Елизавета Ивановна имела, несомненно, чувствительное сердце и ясный ум, чтобы оценить такого человека, как Николай Михайлович, и полюбить его. Он вспоминал впоследствии, что «первая жена его обожала». И по тому, как распорядилась она своей жизнью, год за годом отказывая претендентам на ее руку и сердце, старея и выходя из возраста невесты (она была на год моложе Николая Михайловича), можно с уверенностью думать, что она была натурой цельной, глубокой, способной к самопожертвованию и не боящейся страдать. Можно даже сказать, что в известном смысле она была героиней прозы Карамзина.
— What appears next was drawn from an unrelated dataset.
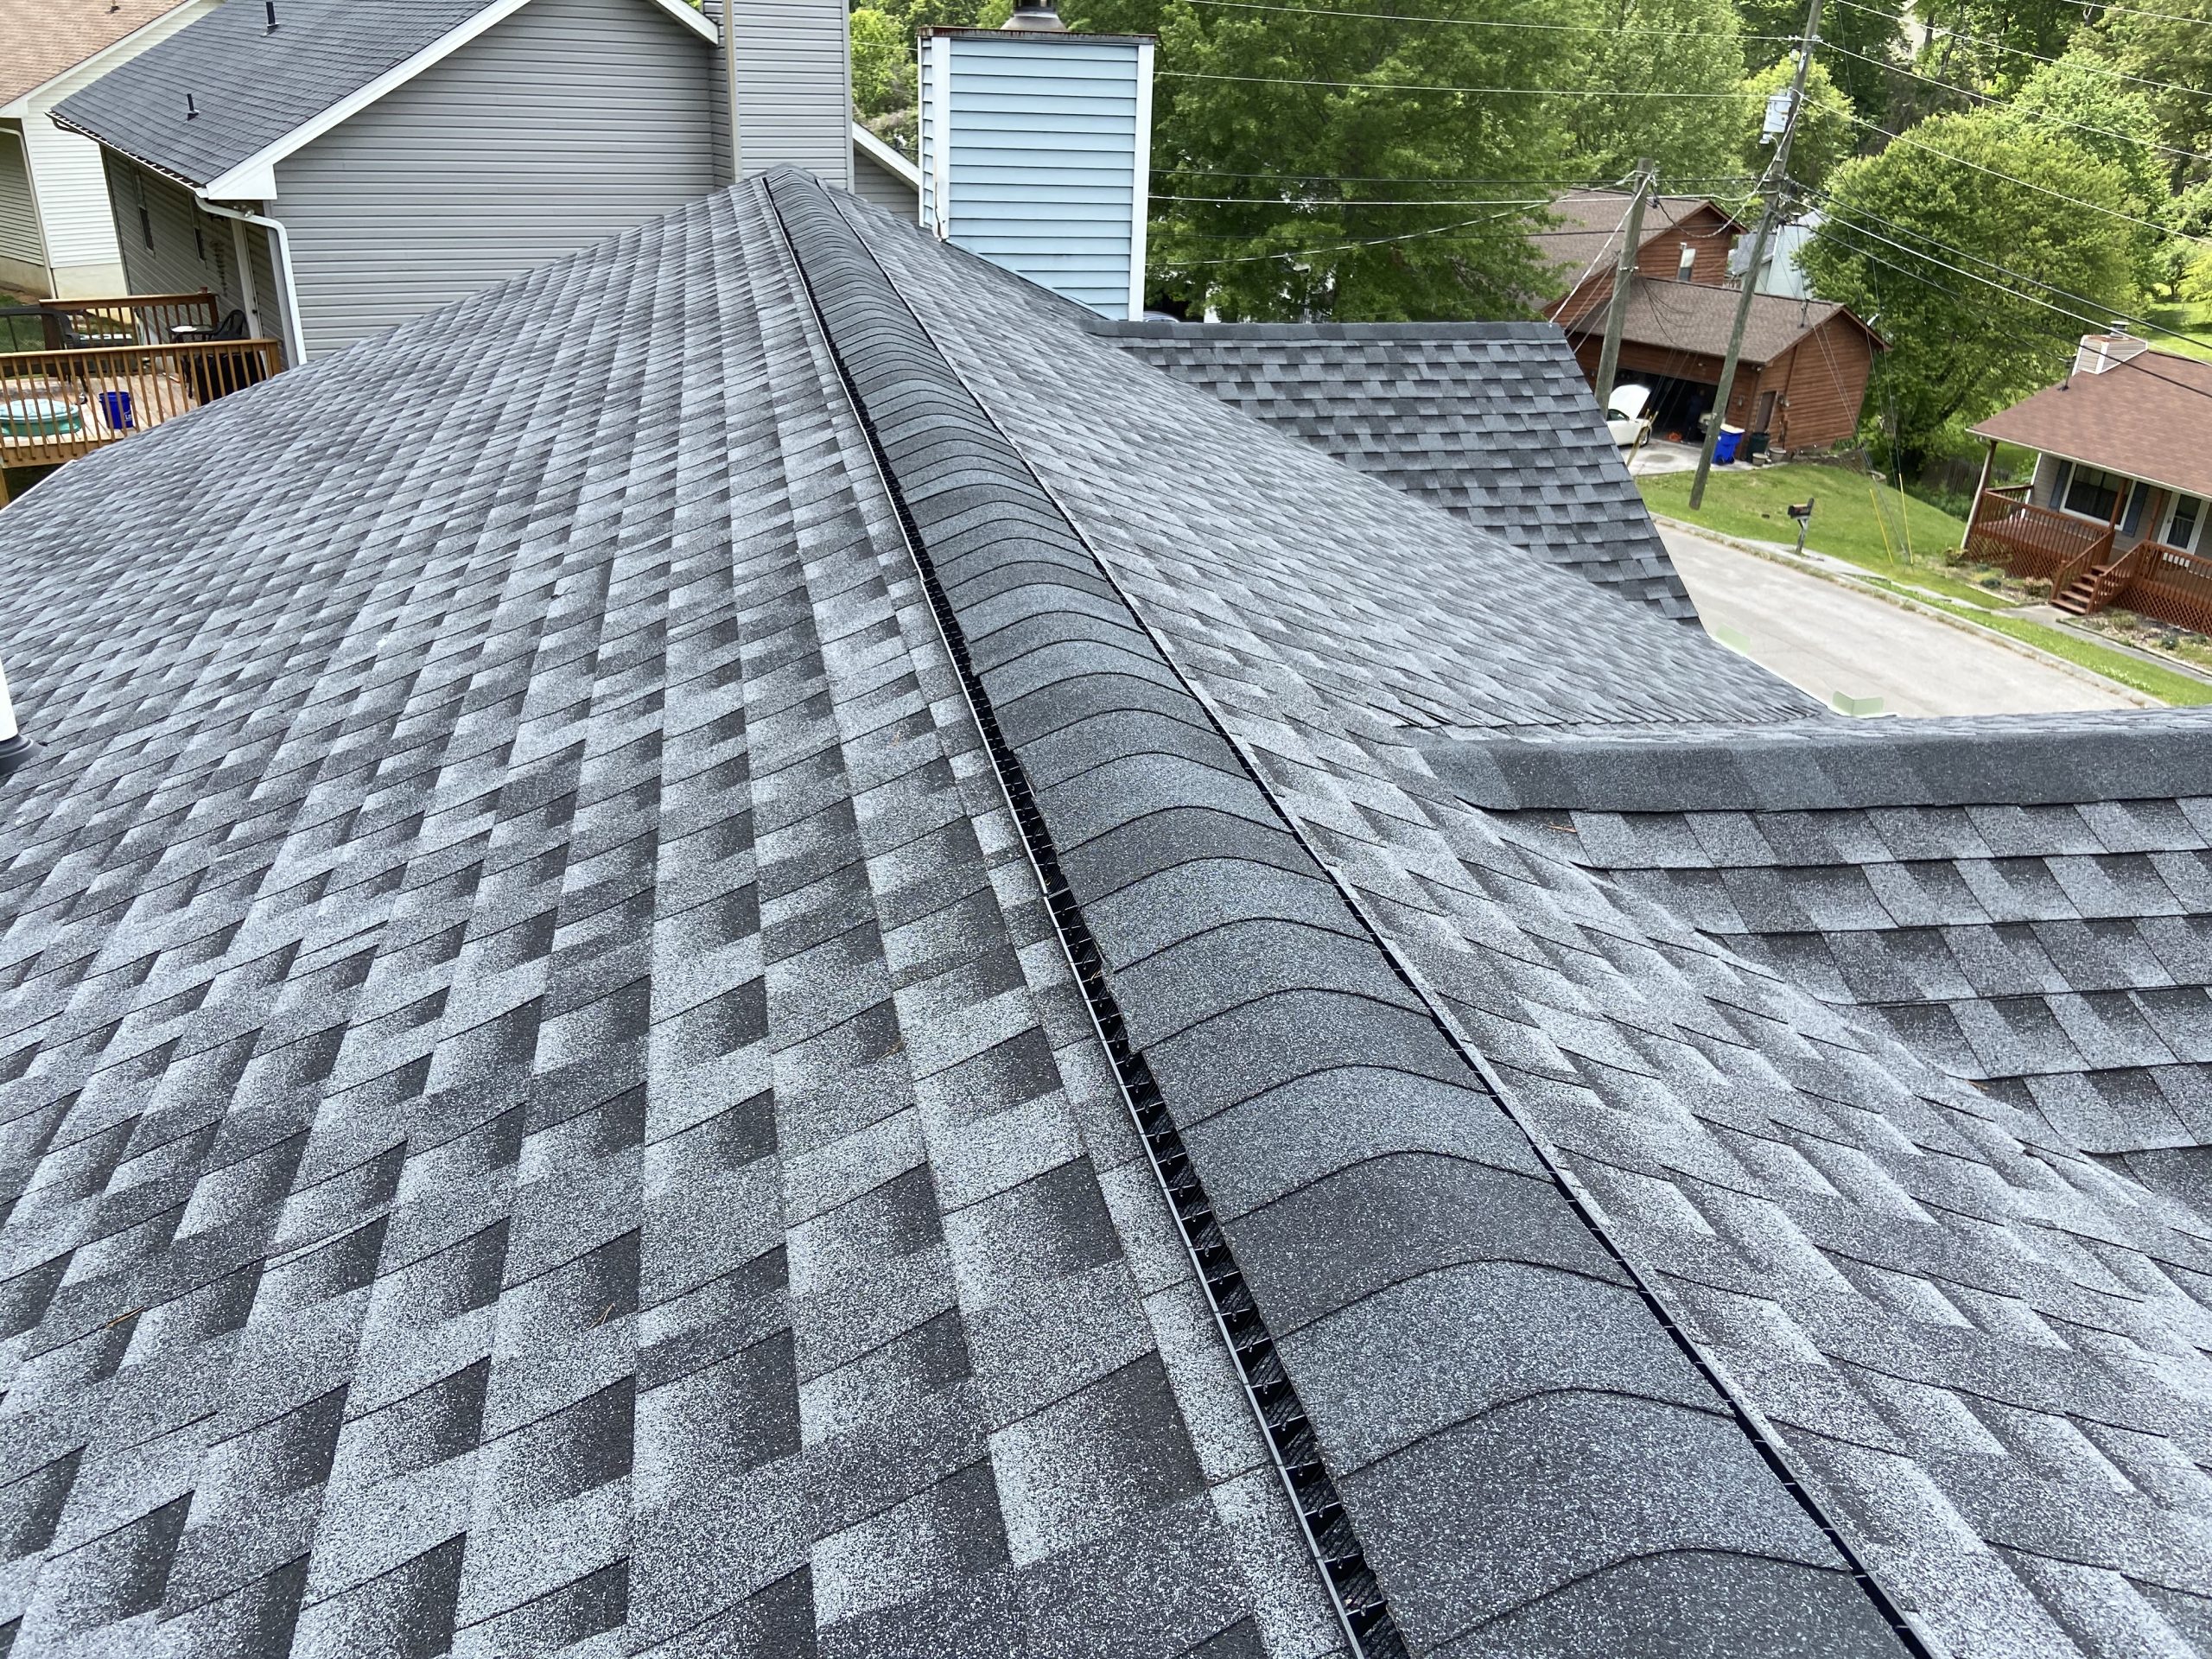 This is a view of the ridge of the roof with ridge cap shingles. 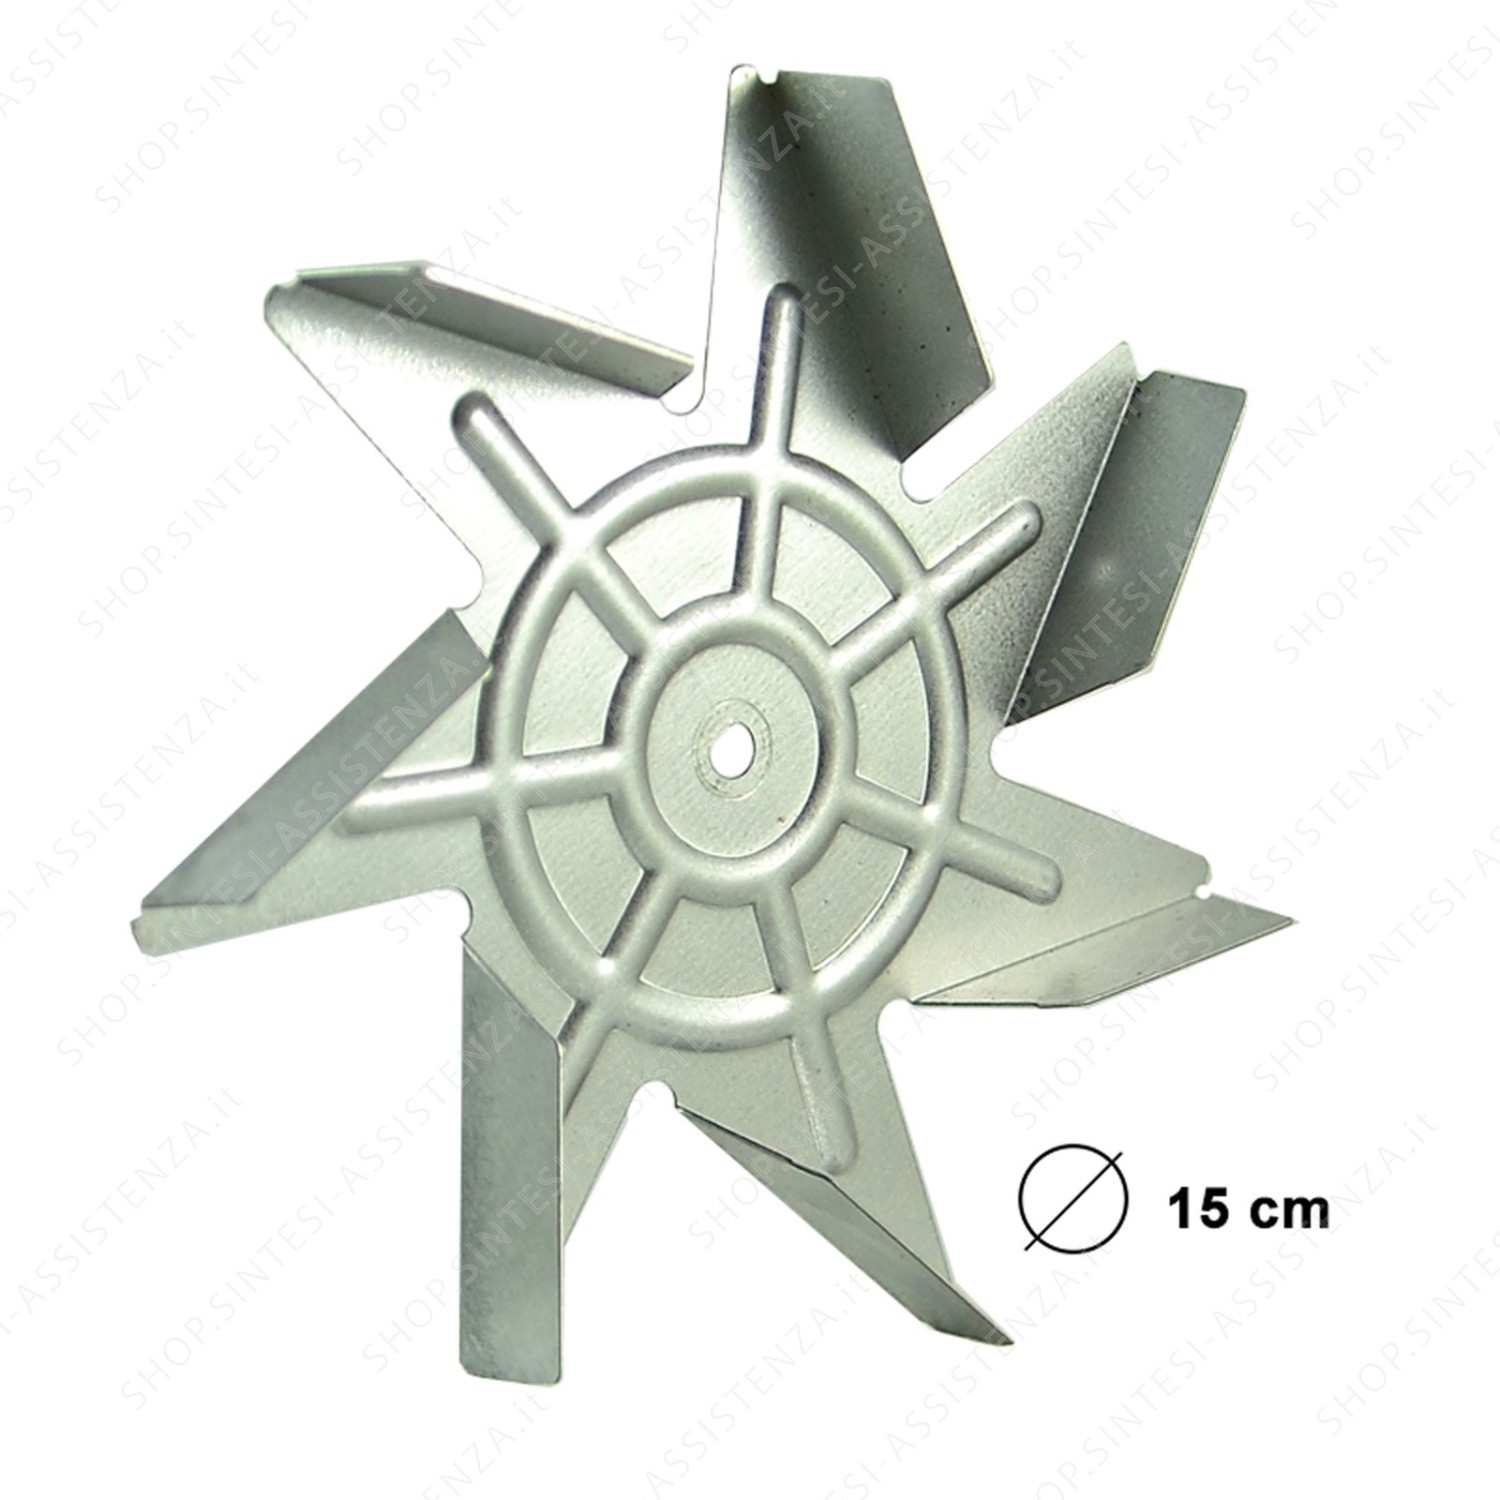 FAN 7 BLADES HEIGHT 20 MM FOR SMEG VENTILATED MOTOR - 039290137 S

Молодые поселились в шести небольших комнатах в доме Шмита на Никольской. Эту квартиру в нижнем этаже двухэтажного домика у Никольских ворот Карамзин нанимал уже не первый год и был очень доволен чистым и покойным жилищем. Здесь у него в холостые годы не переводились гости, в основном литераторы — маститые и молодежь. По воспоминаниям посещавших этот дом, комнаты там были «очень хорошо убраны, и на стенах много портретов французских и итальянских писателей». Вольтеровские кресла обиты были красным сафьяном, имелся диван, «возвышенный не более шести вершков от полу», куда хозяин обычно усаживал гостей. Главным угощением был разговор, содержательный и блестящий. Хозяин при этом мог предстать пред гостями «в совершенном дезабилье» — в белом байковом сюртуке, расстегнутой рубашке и больших медвежьих сапогах, с растрепанными волосами, подвязанными косынкой.

С появлением в доме Елизаветы Ивановны стиль жизни изменился — сильно сократился поток гостей, многочисленные знакомства были оставлены, Николай Михайлович все время проводил с женой, будучи, по его словам, «весел и счастлив дома». У него быстро образовалась привычка работать, сидя подле жены, посвящать ее в свои мысли, читать вместе с ней; очень полюбили они прогулки по окрестностям Москвы. «Я совершенно доволен своим состоянием и благодарю судьбу», — признавался Николай Михайлович.

Елизавета Ивановна, как все в культурном, талантливом семействе Протасовых-Плещеевых, была хорошо образованной и чуткой к искусствам; литературное творчество Николая Михайловича было, несомненно, отлично ей известно, и сейчас она с большой горячностью принимала участие в его работе, в частности, настаивала на том, чтобы он не оставлял поэзии. Ей грустно было смириться с тем, что романтический Карамзин, «кумир, по словам Вигеля, всех благородно мыслящих людей и всех женщин истинно чувствительных», все реже пишет стихи — она желала для него новой поэтической славы. На эти упования Николай Михайлович ответил стихотворением; он изъяснял в нем, что переполняющее его счастье и есть самая высокая и подлинная поэзия, но она — сокровенна. «Подруга милая моей судьбы смиренной, / Которою меня Бог щедро наградил! / Ты хочешь, чтобы я, спокойством усыпленной / Для света и для Муз, талант мой пробудил / И людям о себе напомнил бы стихами. / О чем же мне писать? В душе моей одна, / Одна живая мысль; я разными словами / Могу сказать одно; душа моя полна / Любовию святой, блаженством и тобою: / Другое кажется мне скучной суетою. / <…> / Нет, милая! Любовь супругов так священна, / Что быть должна от глаз нечистых сокровенна; / Ей сердце — храм святой, свидетель Бог, не свет…» («К Эмилии»).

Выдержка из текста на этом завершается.